Variables | Cutoff value | AUC (95% CI) | Sensitivity (95% CI) | Specificity (95% CI) | PPV (95% CI) | NPV (95% CI) | PLR (95% CI) | NLR (95% CI) | Accuracy |
---|---|---|---|---|---|---|---|---|---|
HLA-DR on IFN-γ+TNF-α+ cells (%) | 49 | 0.886 (0.826-0.946) | 90.00% (78.64%-95.65%) | 61.82% (48.61%-73.48%) | 68.18% (56.21%-78.15%) | 87.18% (73.3%-94.4%) | 2.36 (1.66-3.34) | 0.16 (0.07-0.38) | 75.24% |
TBAg/PHA ratio | 0.3 | 0.736 (0.645-0.827) | 40.74% (28.68%-54.03%) | 91.94% (82.47%-96.51%) | 81.48% (63.30%-91.82%) | 64.04% (53.69%-73.24%) | 5.05 (2.05-12.42) | 0.64 (0.51-0.81) | 68.10% |
Diagnostic model | 0.36 | 0.937 (0.892-0.982) | 92.00% (81.16%-96.85%) | 81.82% (69.67%-89.81%) | 82.14% (70.16%-90.00%) | 91.84% (80.81%-96.78%) | 5.06 (2.87-8.92) | 0.1 (0.04-0.25) | 86.67% |
ATB, active tuberculosis; LTBI, latent tuberculosis infection; TBAg, tuberculosis-specific antigen; PHA, phytohaemagglutinin; AUC, area under the curve; PPV, positive predictive value; NPV, negative predictive value; PLR, positive likelihood ratio; NLR, negative likelihood ratio; CI, confidence interval.

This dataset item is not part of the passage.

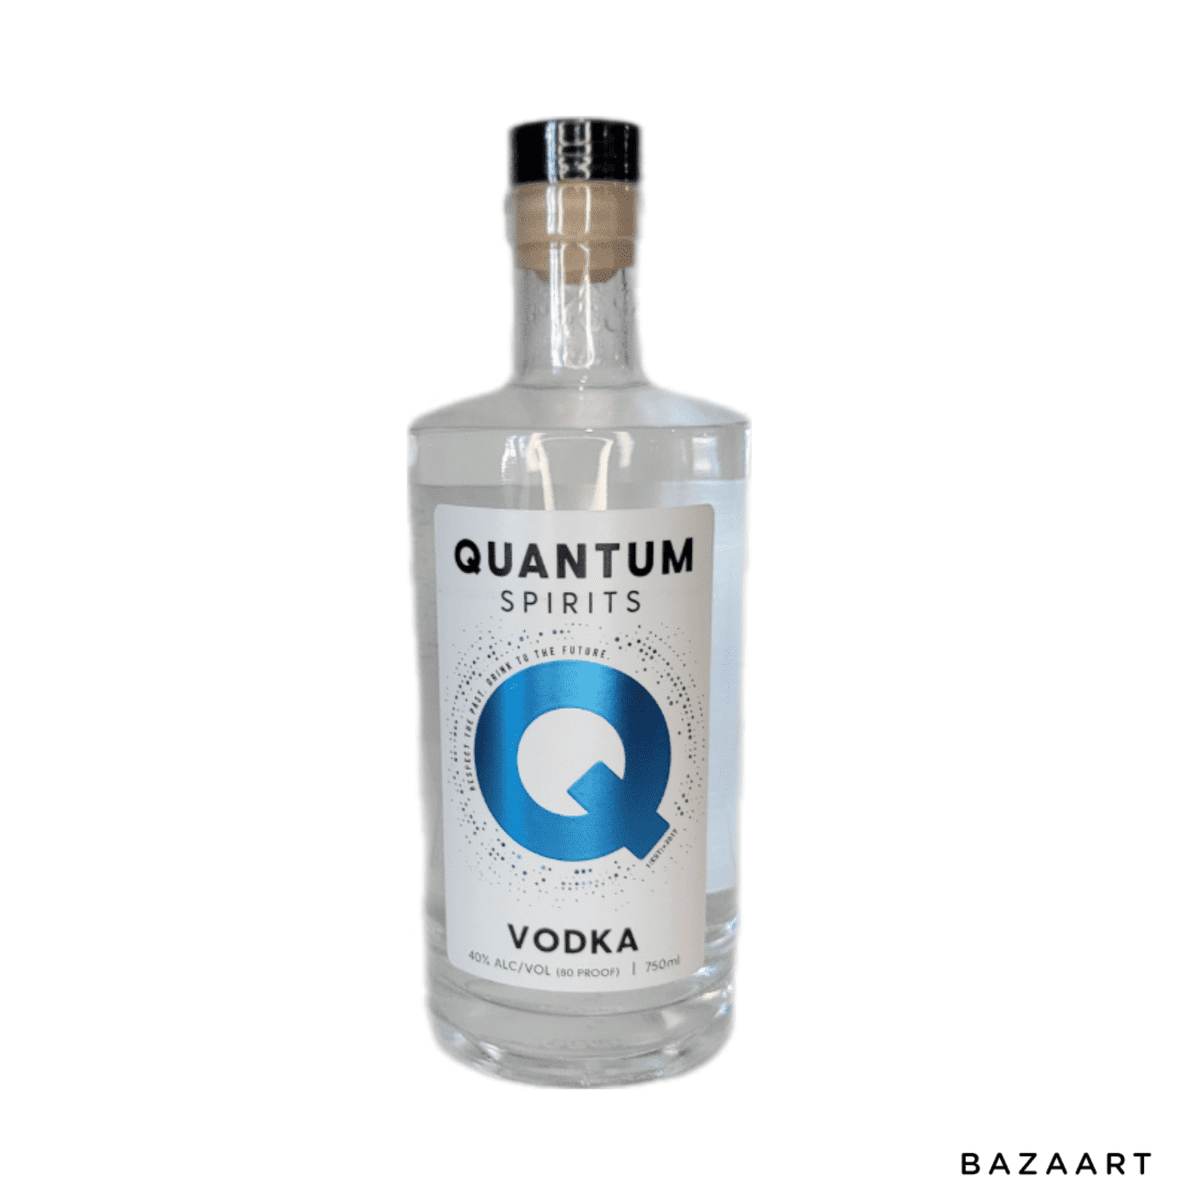 Quantum Spirits - Vodka - 750mL Bottle

TBAg/PHA Ratio for Differentiating ATB From LTBI
The value of TBAg/PHA ratio for differentiating ATB from LTBI was also assessed. ATB patients had significantly higher TBAg/PHA ratio compared to LTBI individuals ( Figure 2C ). ROC curve analysis showed that TBAg/PHA ratio had an AUC of 0.736 (95% CI, 0.645-0.827) for discriminating patients with ATB from LTBI individuals ( Figure 2D ). When 0.3 was used as the threshold, the sensitivity and specificity of TBAg/PHA ratio for distinguishing ATB from LTBI was 40.74% (95% CI, 28.68%-54.03%) and 91.94% (95% CI, 82.47%-96.51%), respectively ( Table 2 ). We stratified the subjects according to the age and found that the values of TBAg/PHA ratio in individuals with young age (≤ 50 years old) were slightly higher than those with old age (> 50 years old) in both ATB and LTBI group. However, there was no significant difference ( Supplementary Figure 1B ).

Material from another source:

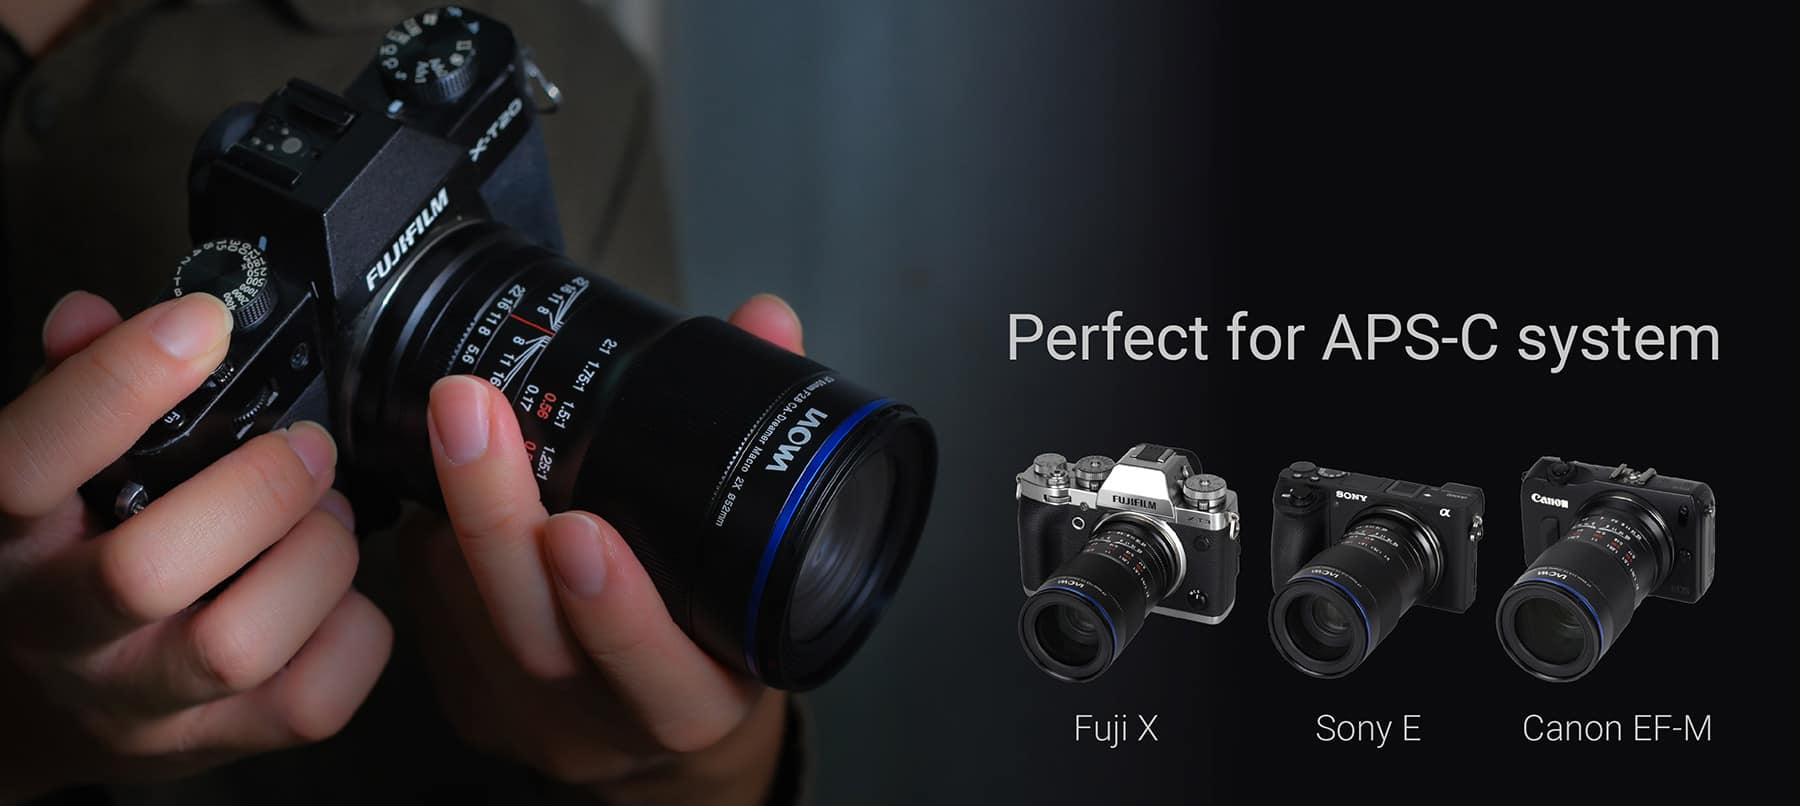 Venus Optics ra mắt ống kính Laowa 11mm F4.5 cho Canon RF và Laowa 65mm F2.8 2X Macro cho Nikon Z

Establishing Diagnostic Model Based on Combining MTB-Specific Cell HLA-DR and TBAg/PHA Ratio for Discriminating ATB From LTBI
We found both MTB-specific cell HLA-DR and TBAg/PHA ratio showed moderate performance in discrimination between ATB and LTBI. However, the overlap between MTB-specific cell HLA-DR and TBAg/PHA ratio was observed using Venn diagram analysis, suggesting the combination of these two indicators might further improve the diagnostic value ( Figures 2E, F ). To determine whether the combination of these two indicators could improve the ability to discriminate ATB from LTBI, we generated a diagnostic model using logistic regression. A diagnostic model was developed as the following: P = 1/[1 + e-(0.094 × MTB-specific cell HLA-DR + 6.761 × TBAg/PHA ratio - 7.328)] P, predictive value; e, natural logarithm. The diagnostic model yielded promising discriminatory potential with an AUC of 0.937 (95% CI, 0.892-0.982) ( Figures 2G, H ). When the threshold was set as 0.36, the model performed excellently with a sensitivity of 92.00% (95% CI, 81.16%-96.85%) and specificity of 81.82% (95% CI, 69.67%-89.81%) ( Table 2 ).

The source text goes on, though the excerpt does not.